Tobin’s campaign website,, confirms his commitment to open communication, teamwork, unity, and positive change in the district. “I affirm the importance of working together to find solutions,” he states. “I will treat everyone with fairness, dignity and respect in all matters.”

He plans to put all his compensation in a discretionary fund to help others.

Every candidate has projects they’d like to accomplish on the board. Tobin suggests expanding recreation activities beyond the core first-aid, sports and fitness classes.

“How about classes in entrepreneurship and small business,” he asked. “Perhaps local fire officials would sponsor a class in fire safe practices.”

Once Tobin gets going, it can be tough to turn it down. “A local auto repair shop might host a maintenance class. EID could offer a water conservation class.”

Before planning any new parks, Tobin suggests a fresh look at the existing parks with an eye to making them better. “How about making our parks a little more comfortable,” he suggests.

Can a brother get a little shade? Tobin suggests benches, picnic tables, walkways and,  yes, shade structures be considered as low-cost methods to leverage the district’s existing investment in developed open space, and a way to justify the cost of its ongoing upkeep.

“Even cars like shade,” he said, wondering about financing terms of the combination shade structures/solar farms that are cropping up in the area.

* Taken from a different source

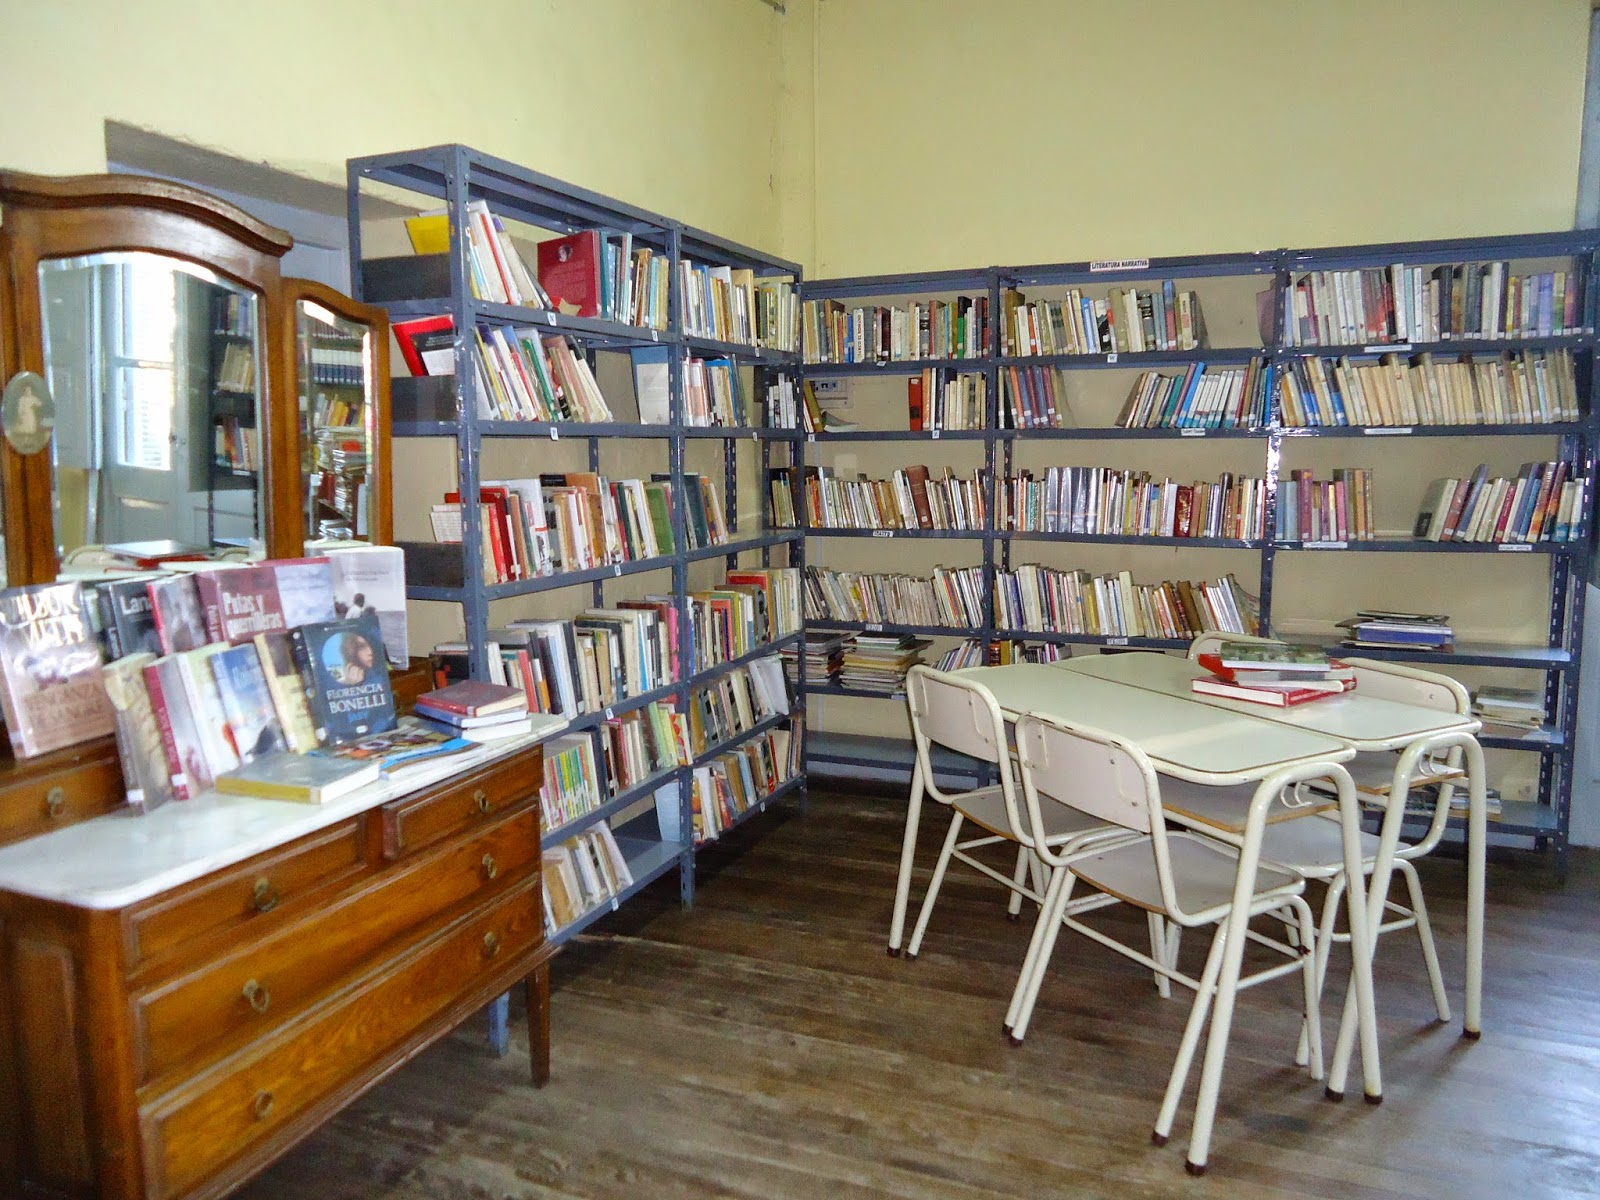 Biblioteca Popular "Sierra Chica" : Mudanza de la Biblioteca a comienzo

“Wouldn’t it be nice for a mom who’s leaving the Promontory Park sprayground with her toddler to not worry about baking the kid before she can get him strapped in and moving?”

He’s also like to see a handicap play area that would allow children with disabilities to play beside their nondisabled peers.

Tobin hates to see non-profits and youth groups treated like just another revenue source when they ask about CSD facility usage. “We should treat Hands4Hope and the Vision Coalition like partners,” he said.

He points out that the CSD staff has done a lot of talking about volunteer projects, but hasn’t delivered much. “Maybe if we treated our local non-profits better they’d help us out in return.”

Why spend so much time volunteering? “I’m not a bowler and not a golfer, not a good one anyway,” he said. “Volunteering is my hobby, and I’m actually pretty good at it.”

Tobin said his agenda is simply to fulfill the CSD’s mission: to improve the quality of life for El Dorado Hills residents through responsible leadership and by providing superior services and facilities. He also likes the district’s core values: integrity, excellence, customer service, professionalism and creativity.